Protein Stability and Photostability under In Vitro Vitreal Conditions - Implications for Long Acting Delivery of Protein Therapeutics for Ocular Disease.

机构信息

Pharmaceutical Development, Genentech Inc. South San Francisco, South San Francisco, California, 94080, USA.

出版信息

Pharm Res. 2020 Apr 26;37(5):85. doi: 10.1007/s11095-020-02798-9.

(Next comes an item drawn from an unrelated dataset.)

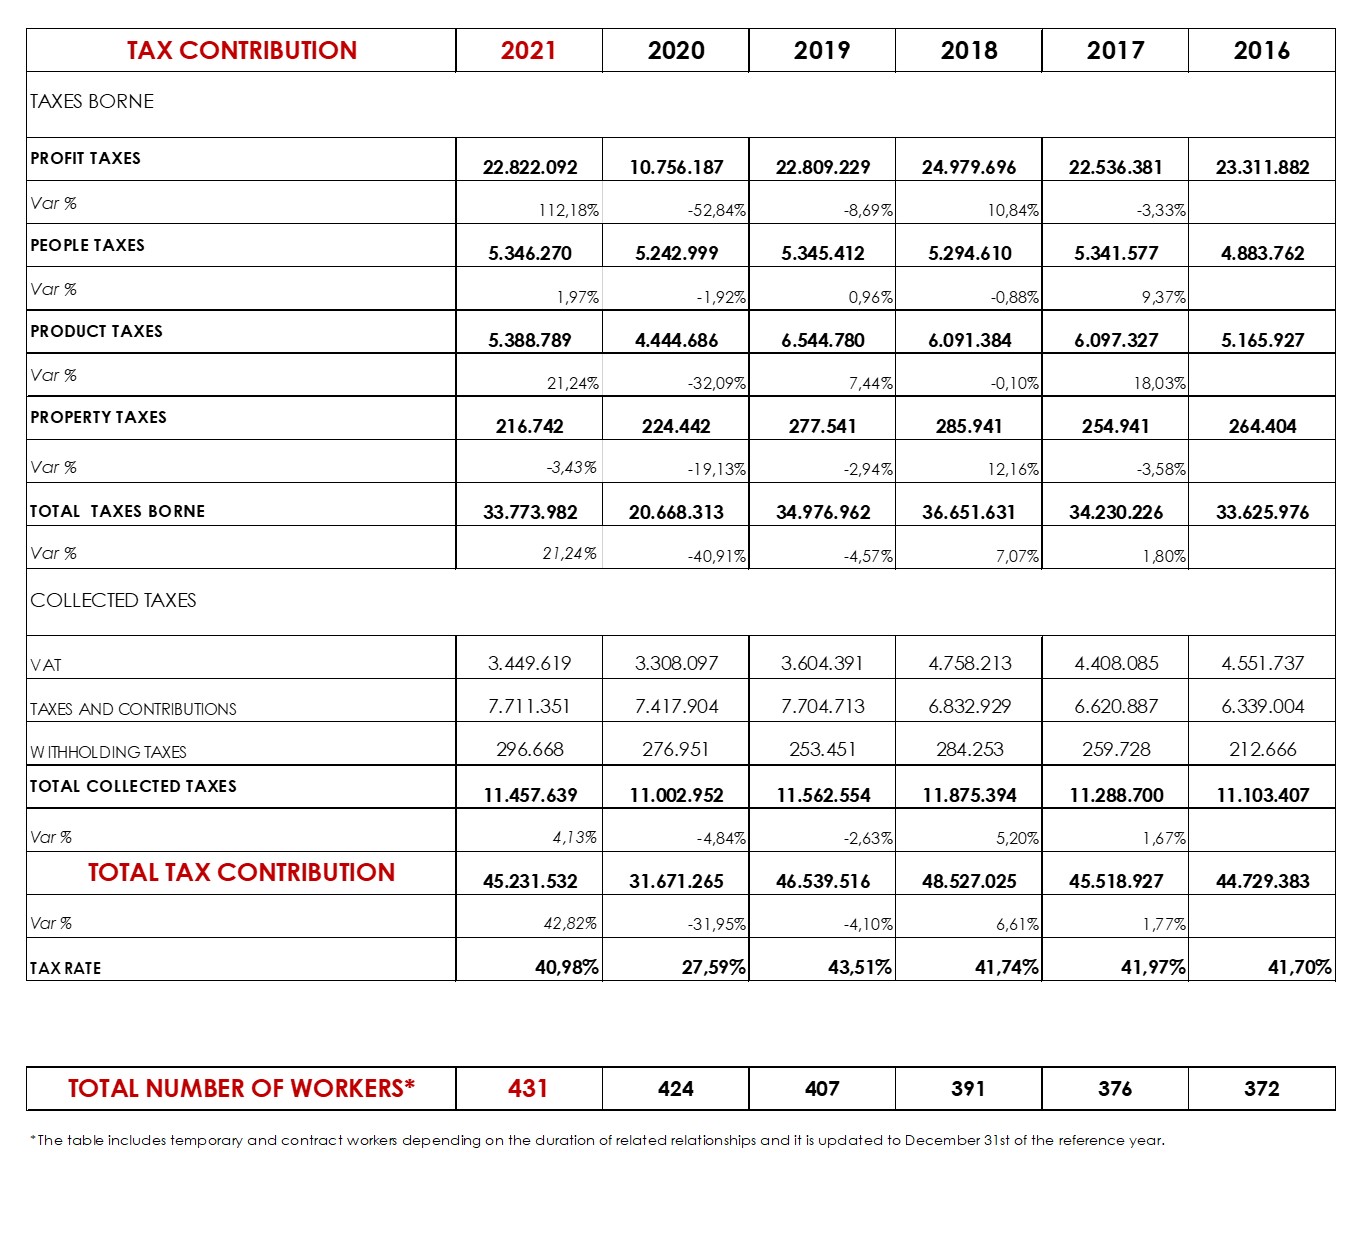 TOTAL TAX CONTRIBUTION SITO ABIOGEN eng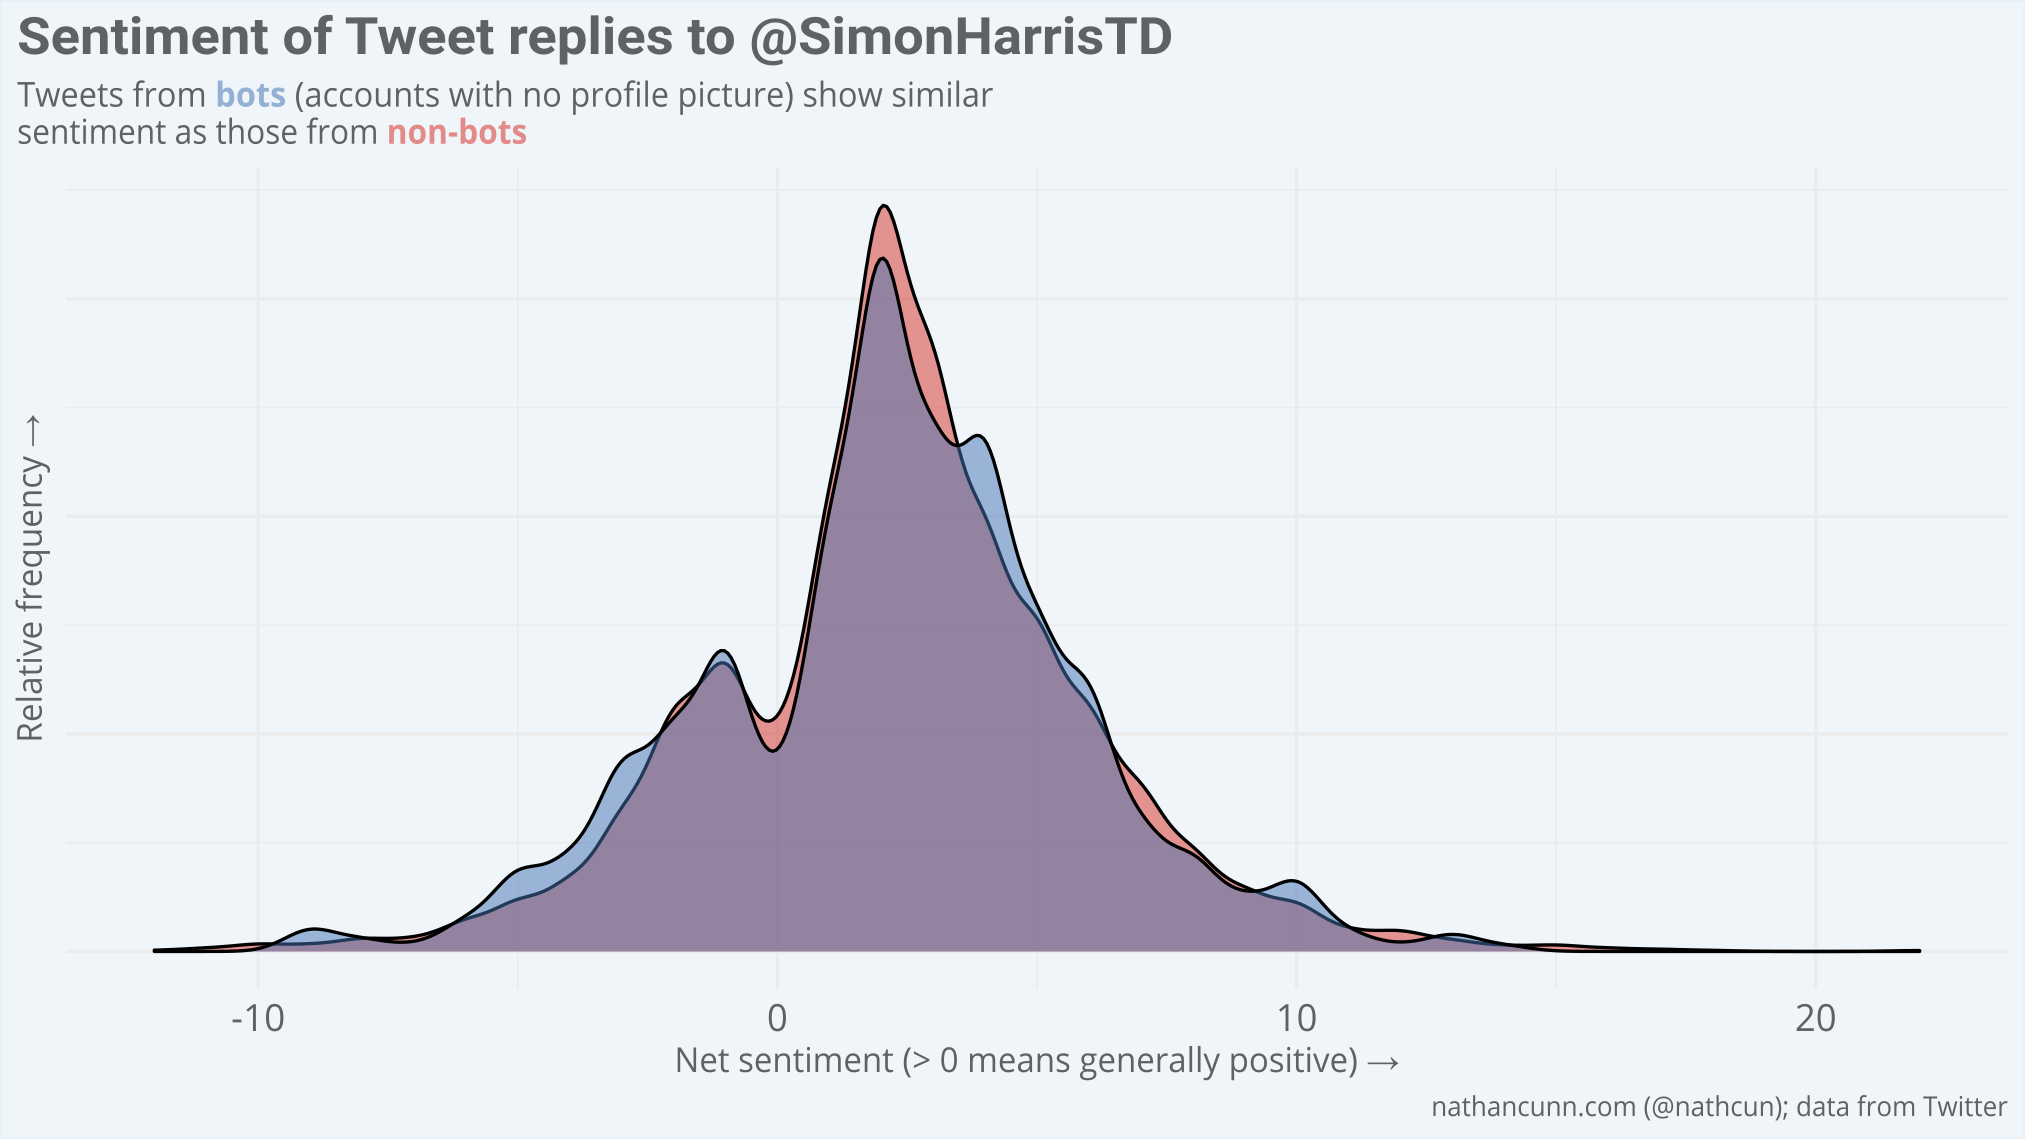 A density plot of the sentiment score of tweet replies to @SimonHarrisTD broken down by supposed bots and non-bots where bots are identified by having no profile image. No difference is observed between the two groups.

DOI:10.1007/s11095-020-02798-9
PMID:32337641
Abstract

PURPOSE

To evaluate the stability of a model Mab1 and Fab1 under in vitro vitreal conditions in the presence of various metabolites and in the presence of light at λ > 400 nM.

METHODS

A full length IgG1 monoclonal antibody (Mab1) and a fab fragment (Fab1) were formulated with various metabolites typically found in the vitreous humor and subjected to visible light treatment. Both proteins were analyzed using a variety of biochemical techniques. Furthermore, Fab1 was also tested for antigen binding ability using surface plasmon resonance.

RESULTS

Our data shows that some vitreal metabolites such as riboflavin and ascorbic acid affect protein stability, via formation of reactive oxygen species (ROS) and advanced glycation end products (AGE) s respectively. In contrast, metabolites such as glutathione may protect these proteins from light-induced degradation to some extent.

CONCLUSIONS

Ascorbic acid and riboflavin were found to photosensitize therapeutic proteins especially when exposed to light. Ascorbic acid reacted with proteins even in the absence of light. Antioxidants such as glutathione helped limit photooxidation under ambient or blue light exposure. Since antioxidant capacity in the eye decreases with age we recommend understanding long term stability, including photooxidation and photosensitization, of new candidate proteins in the context of controlled or sustained release technologies for ocular diseases.

摘要

目的

评估模型 Mab1 和 Fab1 在存在各种代谢物和 λ>400nm 光的情况下在玻璃体条件下的稳定性。

方法

全长 IgG1 单克隆抗体(Mab1)和 Fab 片段(Fab1)与通常存在于玻璃体液中的各种代谢物一起配制,并进行可见光处理。使用各种生化技术分析两种蛋白质。此外,还使用表面等离子体共振法测试 Fab1 的抗原结合能力。

结果

我们的数据表明,一些玻璃体液代谢物,如核黄素和抗坏血酸,分别通过形成活性氧(ROS)和晚期糖基化终产物(AGE)s 来影响蛋白质稳定性。相比之下,谷胱甘肽等代谢物可能在一定程度上保护这些蛋白质免受光诱导的降解。

结论

抗坏血酸和核黄素被发现会使治疗蛋白敏化,尤其是在暴露于光下时。抗坏血酸即使在没有光的情况下也会与蛋白质发生反应。抗氧化剂如谷胱甘肽有助于在环境或蓝光照射下限制光氧化。由于眼睛中的抗氧化能力随着年龄的增长而下降,因此我们建议在控制或持续释放技术的背景下了解新候选蛋白的长期稳定性,包括光氧化和光敏化,以治疗眼部疾病。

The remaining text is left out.